Exercise description: Write out exactly the lines below starting at the one containing "fond de ramadan" and ending at the one containing "Ambra Terrasi's profile banner". Omit every picture.

Material shown:
§

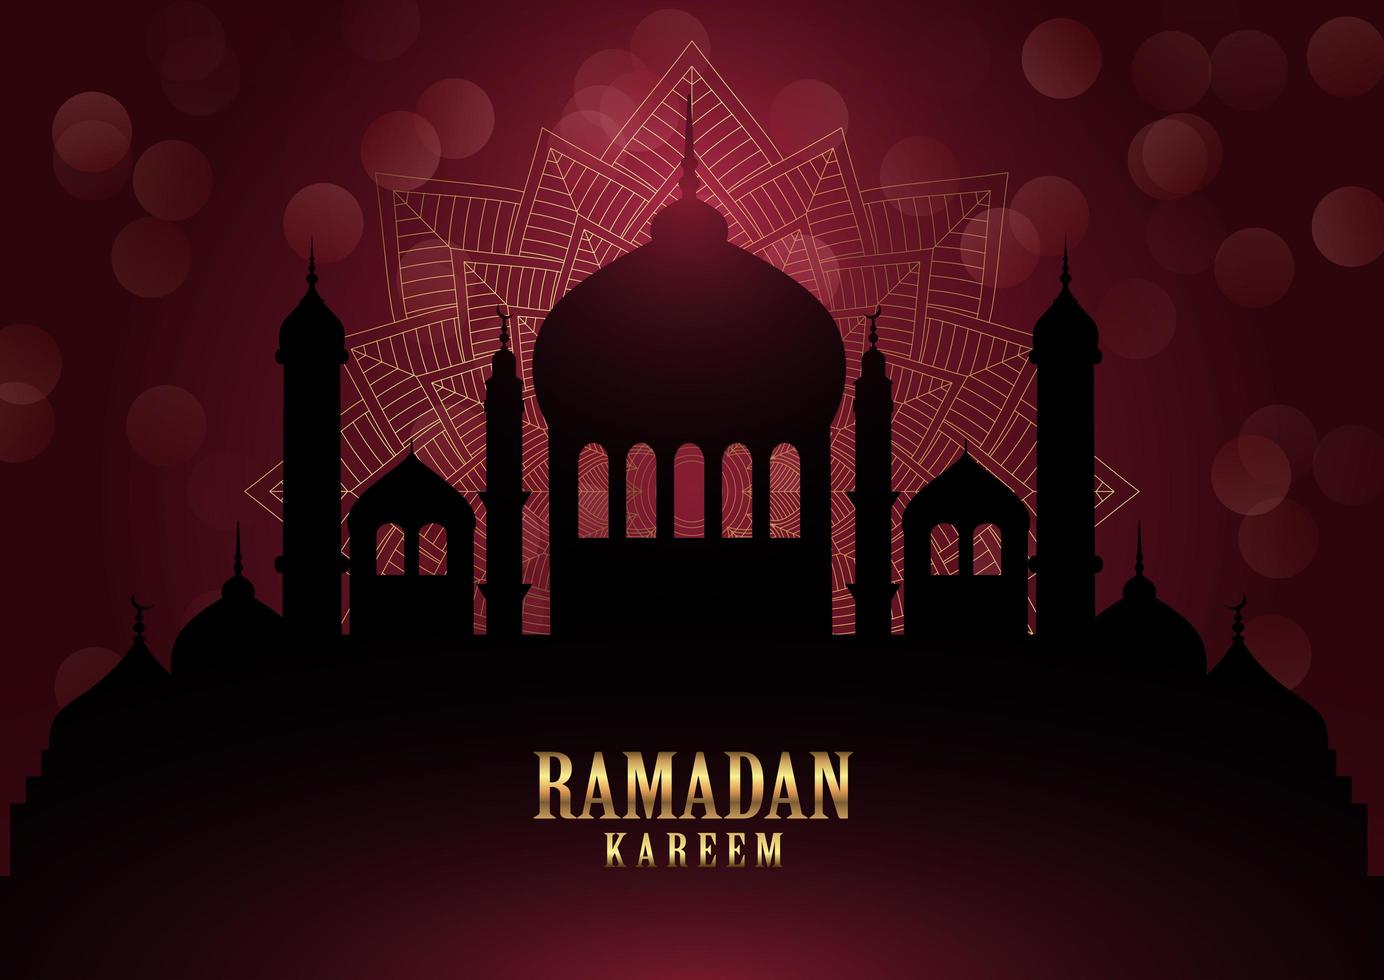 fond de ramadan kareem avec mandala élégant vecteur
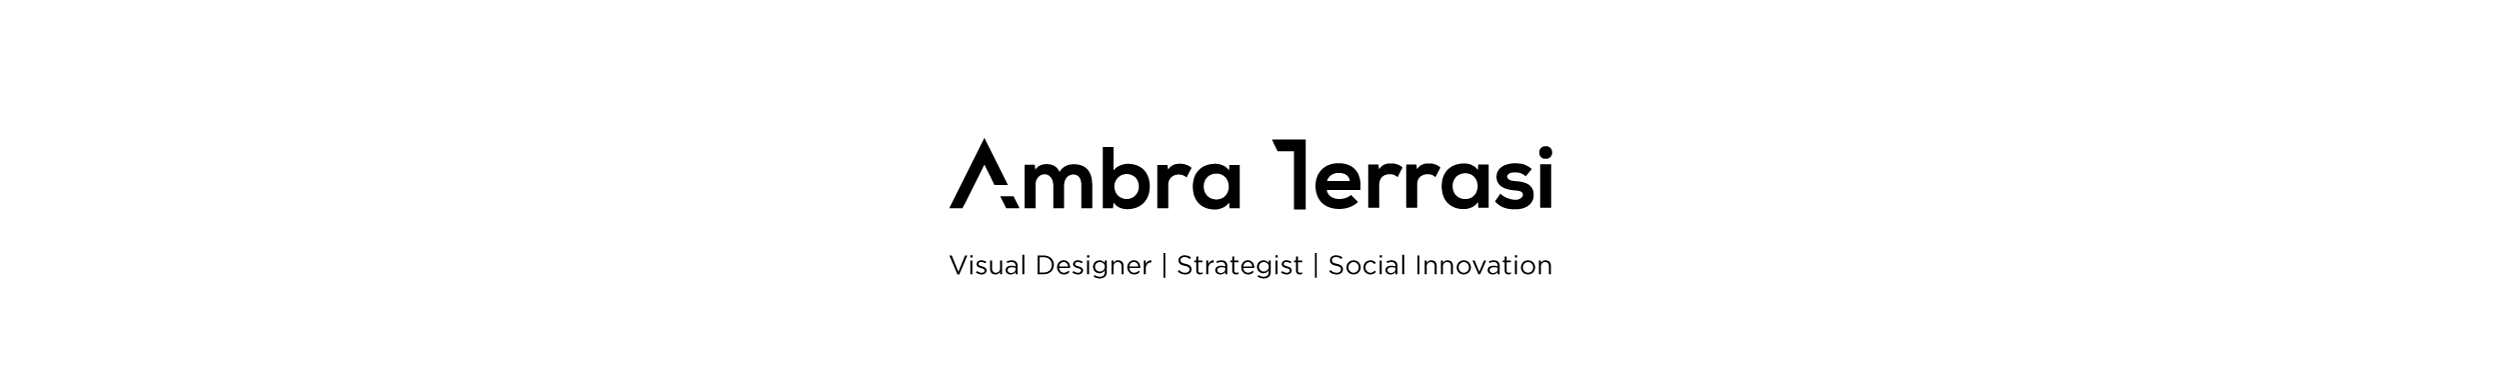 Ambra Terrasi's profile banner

§

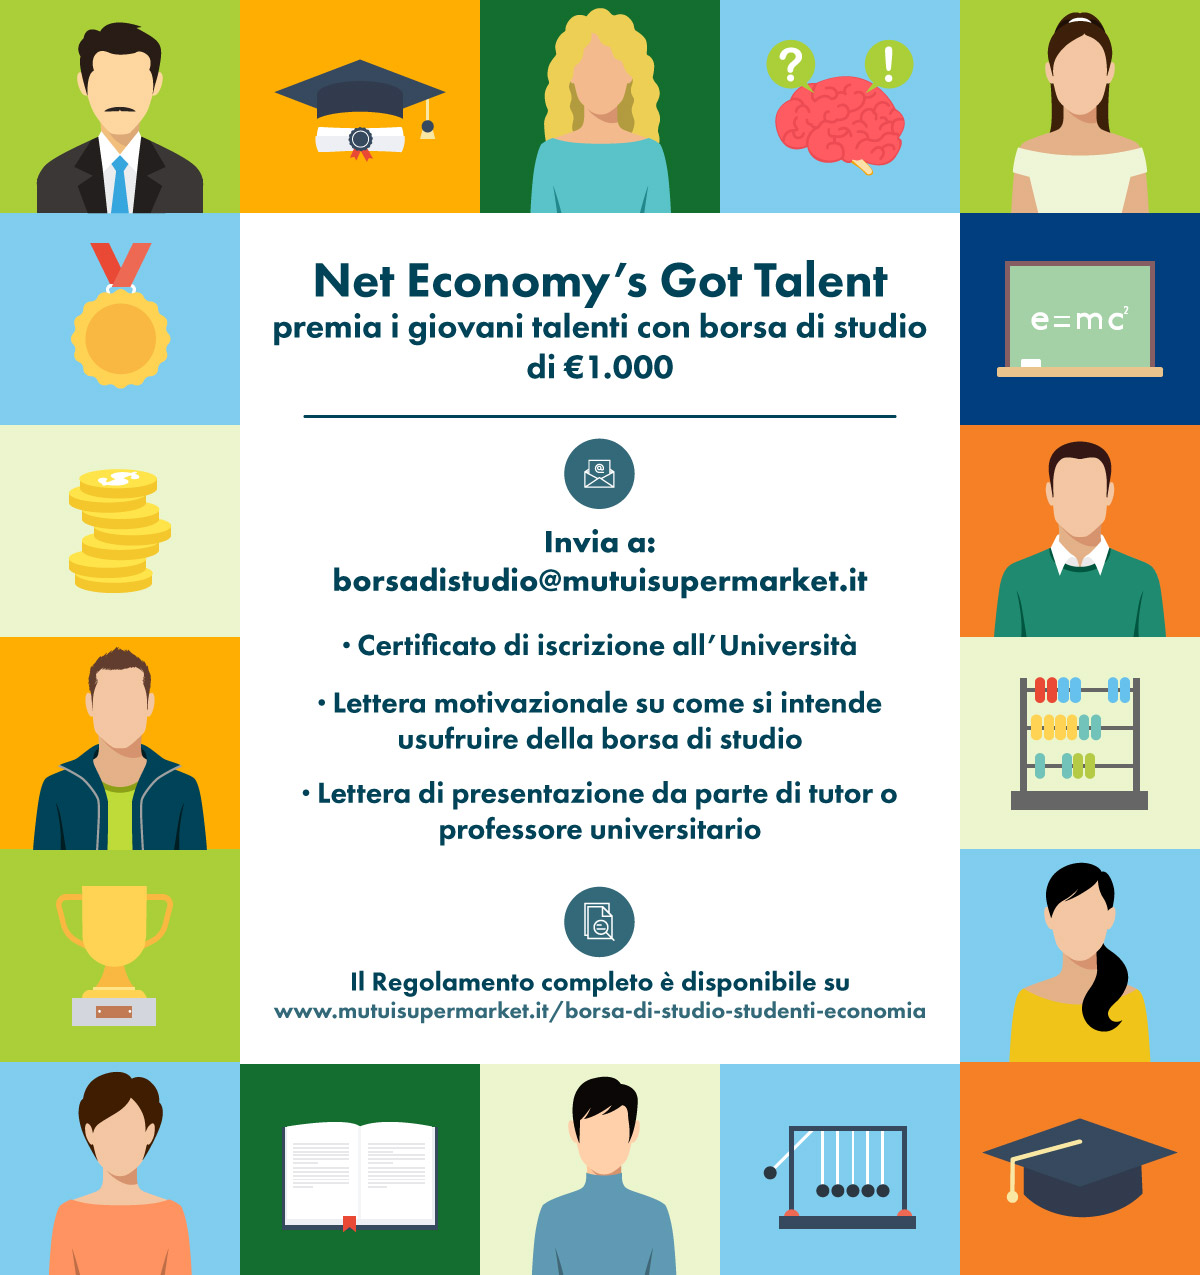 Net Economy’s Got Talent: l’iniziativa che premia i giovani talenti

§

Answer to this problem:
 fond de ramadan kareem avec mandala élégant vecteur
 Ambra Terrasi's profile banner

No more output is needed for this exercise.